DiseaseSignal
Genetics & Genomics

Gene therapy for spinal muscular atrophy

2026-07-18 · 2 sources · 2 citations · 257 words

A one-time gene-replacement infusion delivered a functional SMN1 gene to infants with spinal muscular atrophy, improving survival and motor milestones in an early trial.

What the study found

In a 2017 New England Journal of Medicine trial, infants with spinal muscular atrophy type 1 — a severe inherited motor-neuron disease caused by a missing or faulty SMN1 gene — received a one-time intravenous infusion of onasemnogene abeparvovec, which uses an AAV9 viral vector to deliver a working copy of the SMN1 gene. Treated infants survived longer without permanent ventilation and reached motor milestones, such as sitting unassisted, that untreated infants with this type almost never achieve.

Why it matters

SMA type 1 is usually fatal or severely disabling in early childhood.

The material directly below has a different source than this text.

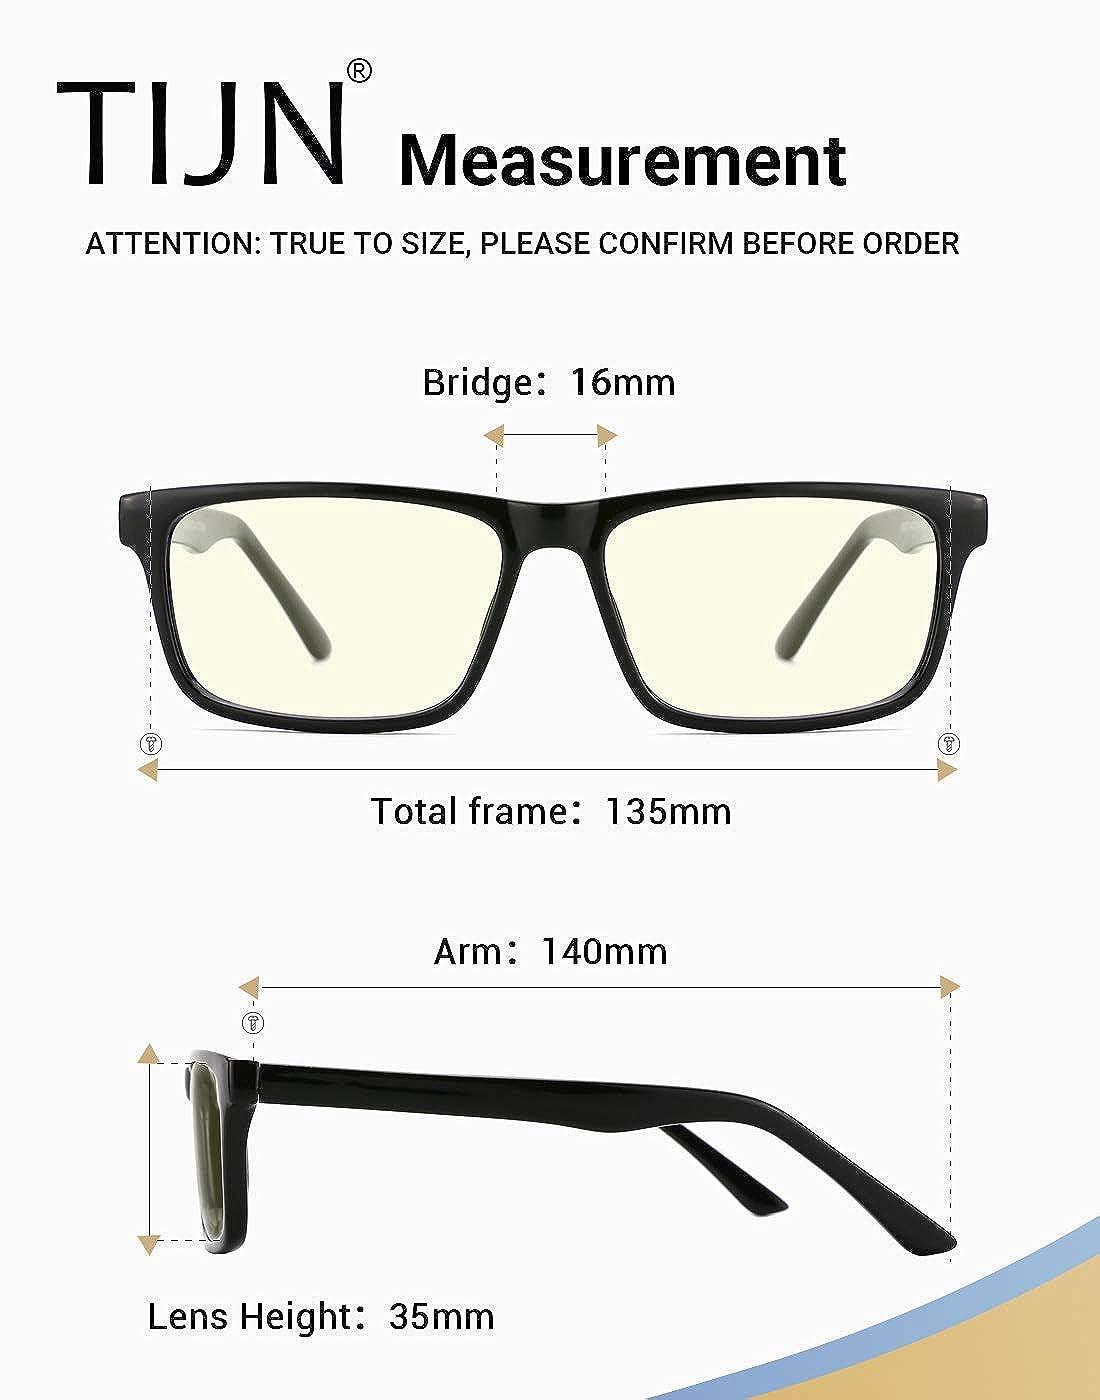 96fab1b403b9 Amazon.com: TIJN Anti UV Glare Blue Light Blocking Reading Glasses Square  Eyeglasses for Men Women: Clothing

Replacing the missing gene at the source, rather than only managing symptoms, was a landmark for inherited-disease gene therapy and supported the therapy's later regulatory approval. It also reframed a fatal diagnosis as potentially treatable if caught early.

Analysis — the pattern

This fits a broader pattern (analysis): AAV-delivered gene replacement is being pursued across many single-gene diseases, and outcomes appear best when treatment comes early, before irreversible motor-neuron loss. That timing logic is one reason newborn screening for SMA has expanded. Whether a single dose lasts a lifetime, and how the immune system reacts to the viral vector, are open questions the field is still answering.

What is still uncertain

Early trials were small and enrolled specific patients. Long-term durability, the possibility that effects wane and re-dosing is needed, immune reactions to the vector, and very high cost remain active concerns, and results depend heavily on how early treatment is given.